The Court reversed, holding that “the induced infringement claim brought in [the case on appeal] [wa]s not precluded by the direct infringement claim brought in [the earlier case] because the claims [we]re not based on the same transactional facts.” “Framed differently, the evidence that [Appellant] needs to support a claim for direct infringement by [Appellee] is different from the evidence required to sustain a claim of induced infringement by third parties.” The Court also “agree[d] with [Appellant] that it could not have asserted an inducement claim during [the earlier case],” partly because “[a]t the time of the [earlier] trial, [Appellee] had not yet commercially launched its GSS System.”

In addition, “the district court found that the ongoing royalty rate of [the earlier case] reached induced infringement by [Appellee],” which the Court also reversed.  The Court held that the district court “improperly broadened the scope of the [earlier] judgment to address induced infringement activity,” and that “the scope of [the] direct infringement allegations” in the earlier case could not “reasonably be expanded to cover actions of third-party licensees using GSS technology to make their own straws.”

4.  AXONICS, INC. v. MEDTRONIC, INC. [OPINION] (2022-1451, 2022-1452, 7/10/2023) (Lourie, Dyk, and Taranto)

Taranto, J. The Court vacated and remanded the PTAB’s IPR decisions that Appellant had failed to prove any of the challenged claims unpatentable. The PTAB found that Appellant had not “demonstrated” a motivation to combine the proposed prior art references because the challenged patents “address[ed] . . . sacral nerve stimulation,” while one of the prior art references “address[ed] . . . the trigeminal sensory root.” Thus, the PTAB found that there would have been no motivation to combine because the proposed combination “would not be feasible in the trigeminal nerve region.”

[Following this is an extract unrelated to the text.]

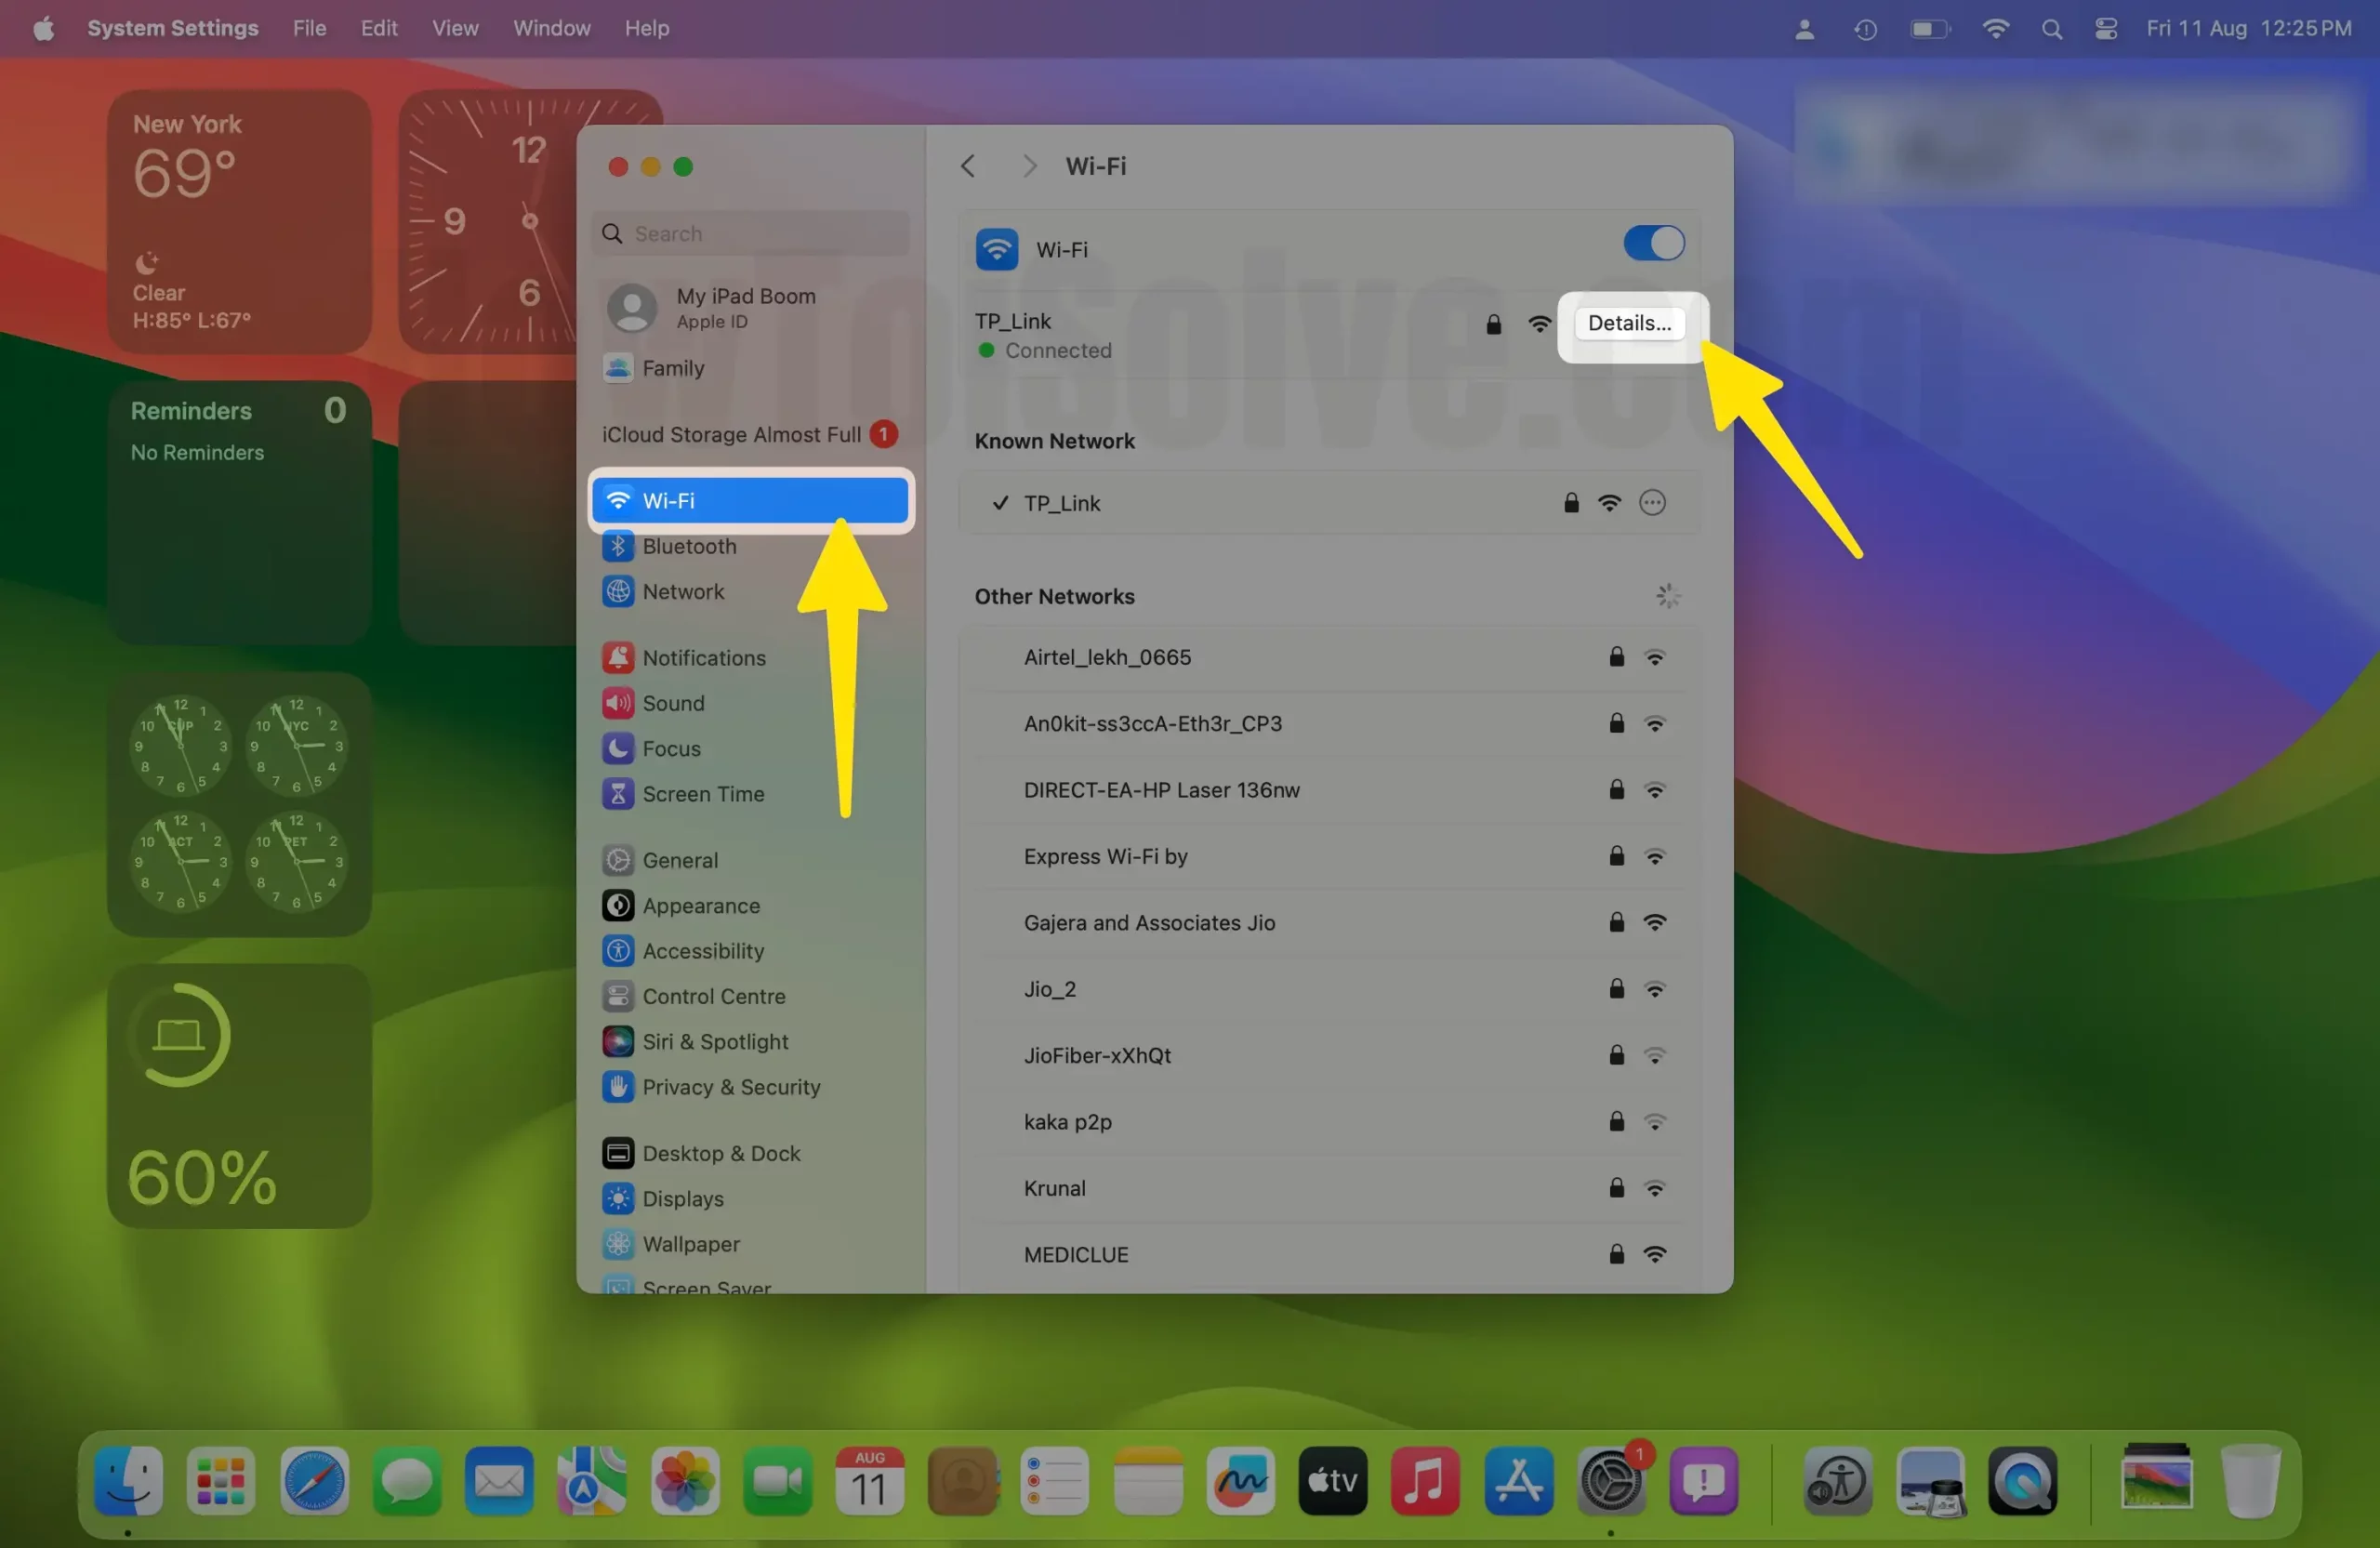 Open WiFi Settings on Mac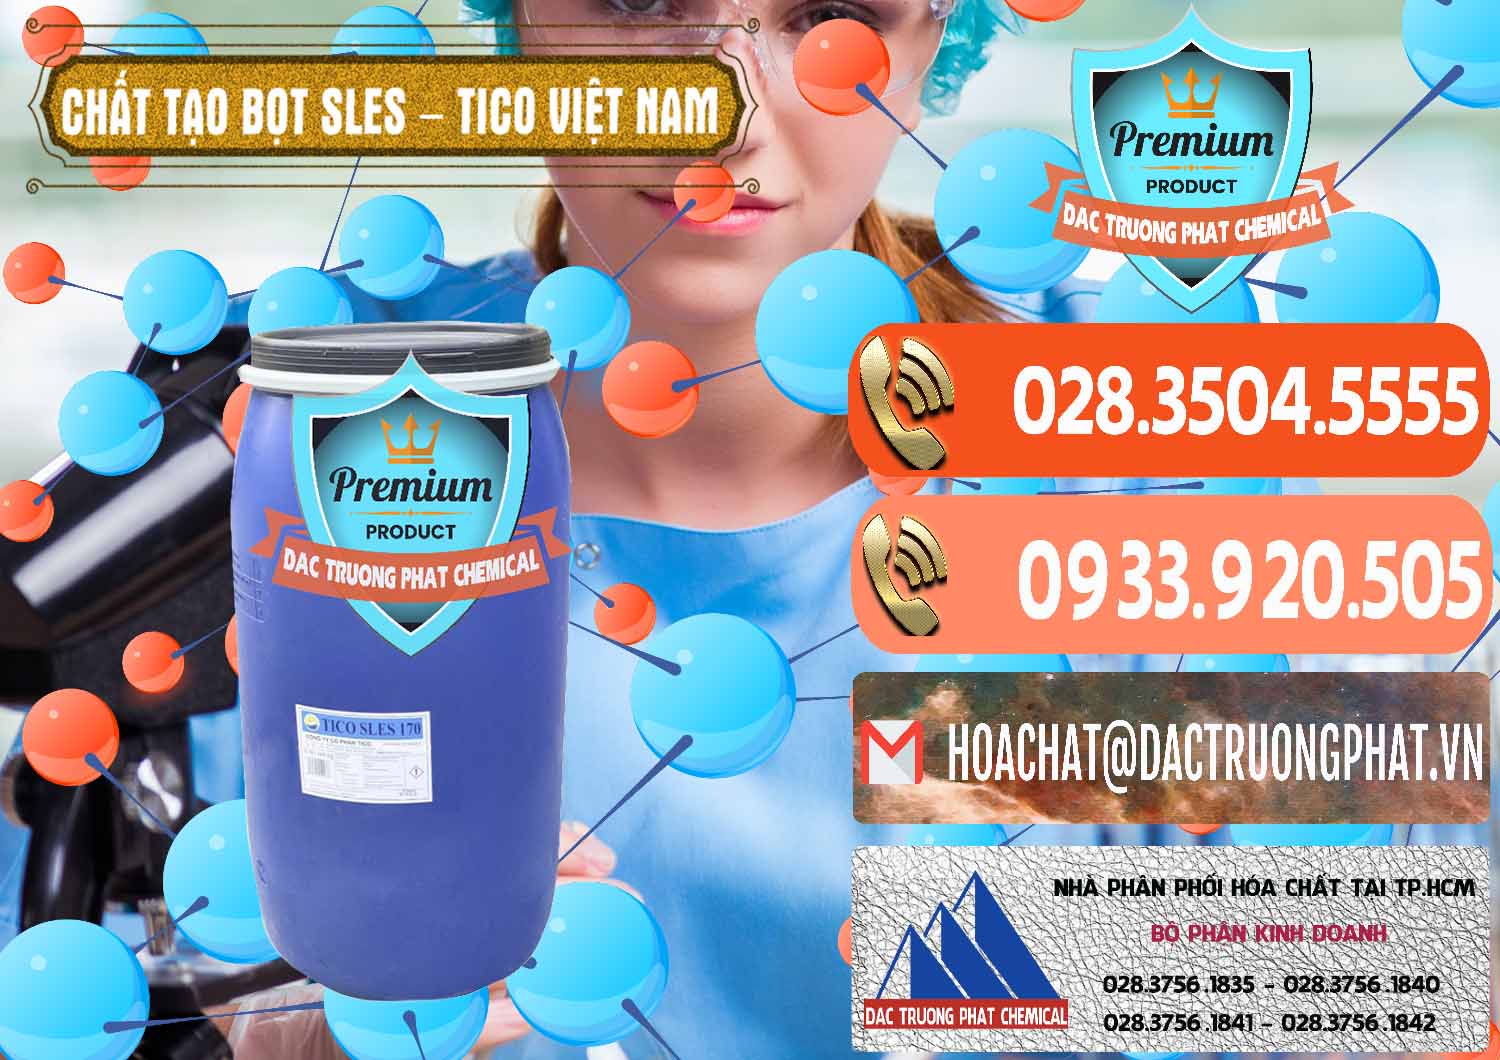 Cty chuyên cung ứng - bán Chất Tạo Bọt Sles - Sodium Lauryl Ether Sulphate Tico Việt Nam - 0304 - Chuyên kinh doanh và phân phối hóa chất tại TP.HCM - hoachatmientay.com

The Court held that “[t]he Board thus improperly limited the [proposed prior art] combination analysis to what would work in the trigeminal-nerve area.” “The proper inquiry is whether the relevant artisan would be motivated to make the combination to arrive at the claims’ actual limitations, which are not limited to the trigeminal-nerve context.”

“Relatedly,” the Court “also conclude[d] that the Board erred in its definition of ‘the relevant art’ as limited to medical leads for sacral-nerve stimulation.” “The [challenged] patent claims make no reference to sacral anatomy or sacral neuromodulation, and they [could] not be properly construed as so limited.”